Four Chibok girls escape
•Community ‘not aware’
Four of the more than 200 schoolgirls kidnapped by the militant
Islamist sect Boko Haram have escaped, raising hopes for the young ones
still held captive, according to a report.
The our source could not
independently confirm the report from the military last night. The story
was published byNew York Post online.
The Chibok community also said it was not aware of the escape by the girls.
The free girls, all between ages 16 and 18, escaped with the help of a
teenage boy prisoner, who managed to get them out of the camp, according
to Stephen Davis, a British-Australian negotiator who had tried to
bargain with the extremist Islamic group for the schoolgirls’ freedom.
The girls, guided by the setting sun, walked west for three weeks,
finally arriving in a Nigerian village, starving and traumatised.
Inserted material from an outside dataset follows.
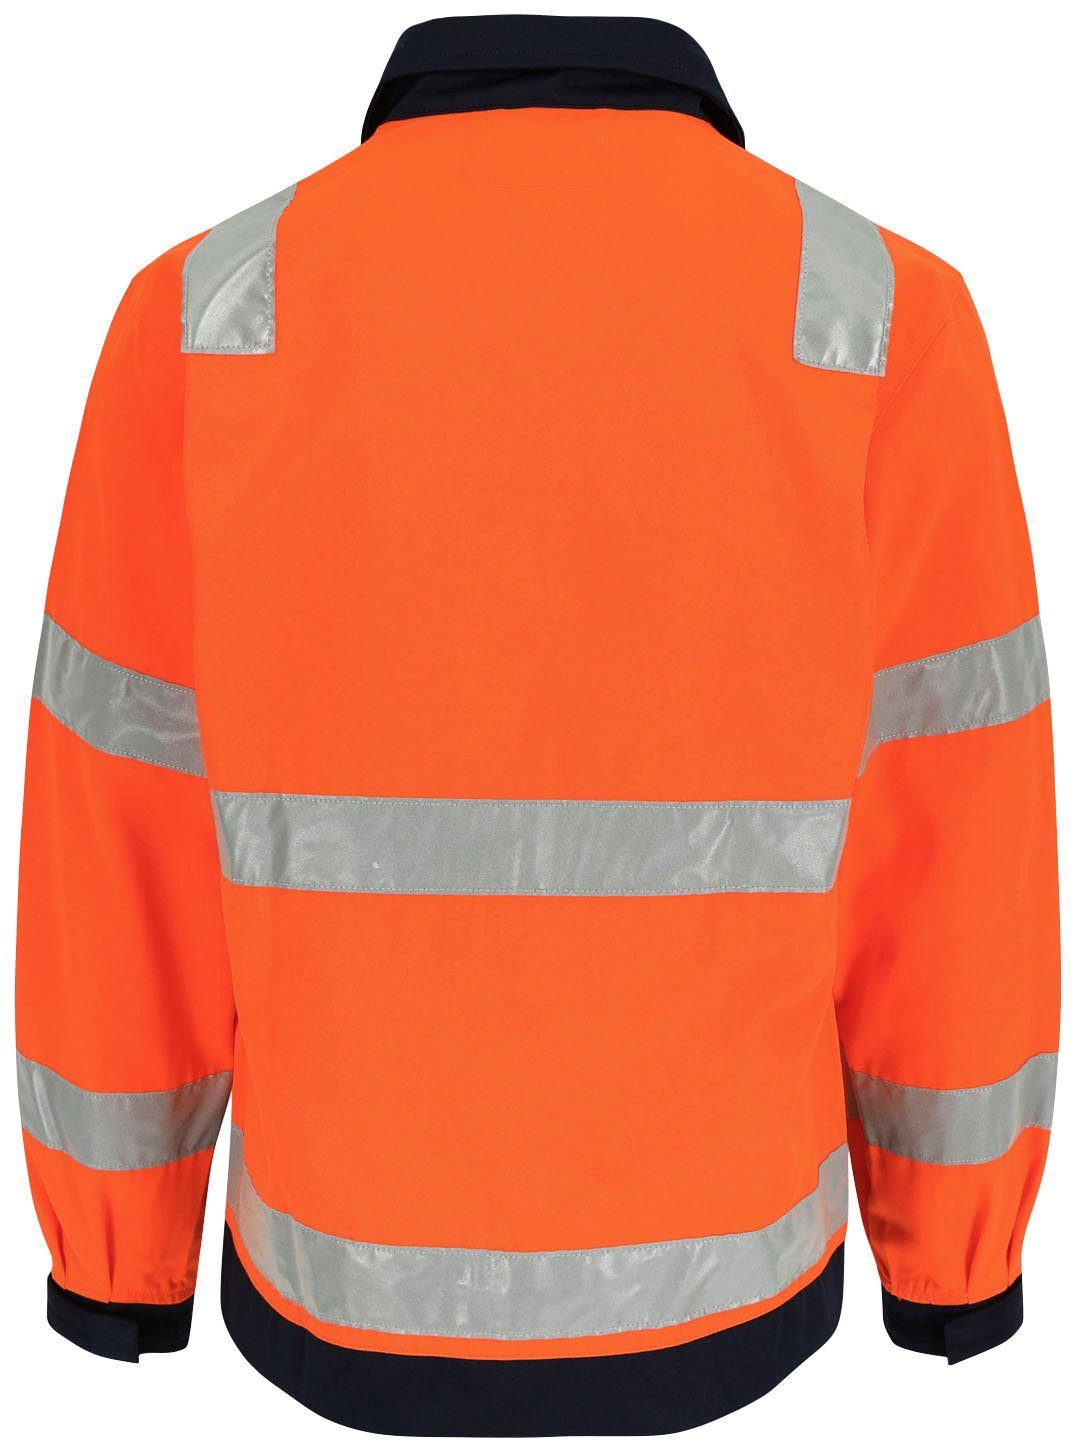 Herock Arbeitsjacke eintellbare Taschen, Hochwertig, orange 5cm Bündchen, reflektierende Jacke Hydros Bänder Hochsichtbar 5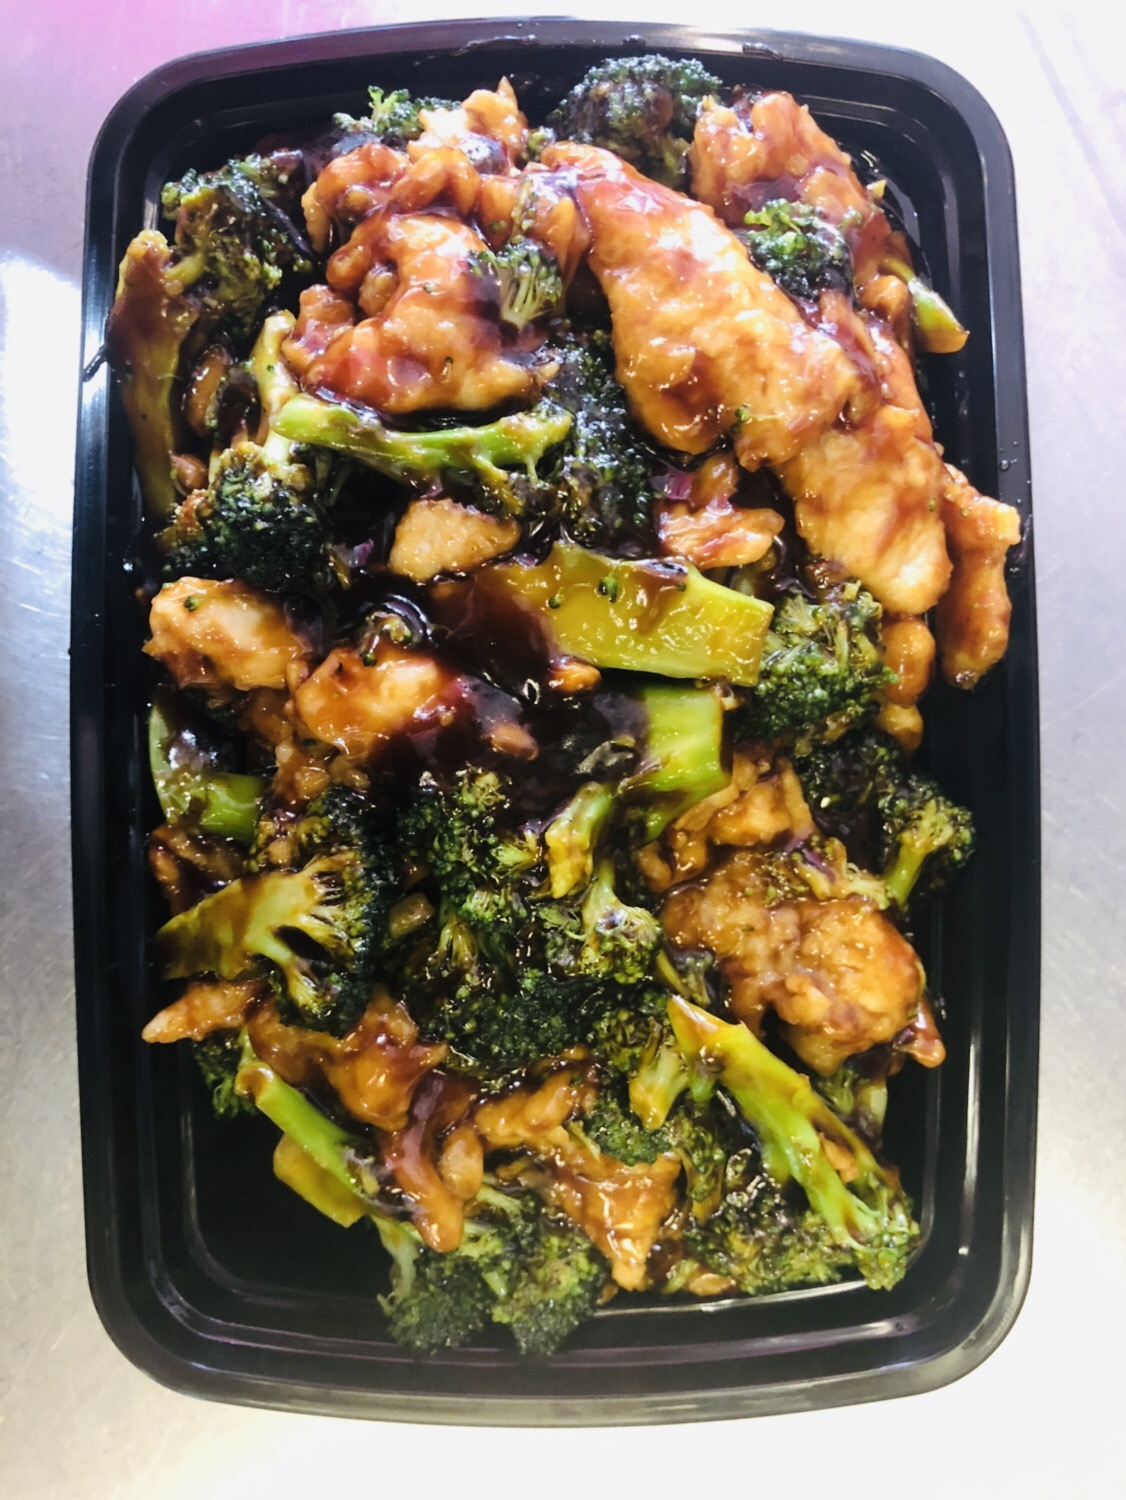 Order 48. Chicken with Broccoli food online from Joyful Garden Restaurant store, Wilmington on bringmethat.com

“They were amazing — to first escape and then walk for weeks,” Davis
toldThe Timesof London. “They are the only ones that have escaped from a
Boko Haram camp.”
Davis said the girls had been told that if they fled Boko Haram, their families would be killed.
Director of Publicity Kibaku Area Development Association Dr. Manasseh
Allen, of the Chibok Community in Abuja, said last night, after making
calls, that he could not confirm the escape of the girls.
Six months
have passed since more than 200 girls were snatched from their
boarding-school dormitory in Borno State by Boko Haram operatives.
Their abduction sparked global outrage and a huge campaign calling for their rescue, partly propelled by the hashtag #BringBackOurGirls.
United States First Lady Michelle Obama issued a tweet holding a sign emblazoned with the hashtag.
Davis said several attempts to negotiate their release have fallen through.
Advocates have expressed frustration that the world has moved on.
“Even before Ebola and ISIS’s intensified activities, most of the world
that stood with #BringBackOurGirls had moved on,” Ibrahim Abdullahi,
the lawyer who started the #BringBackOurGirls campaign, said.
“But
we here in Nigeria and a few others outside haven’t moved on. We have
been persistent. We have been tweeting about it every day. We’re doing a
daily one-hour sit out in Abuja and weekly in Lagos.”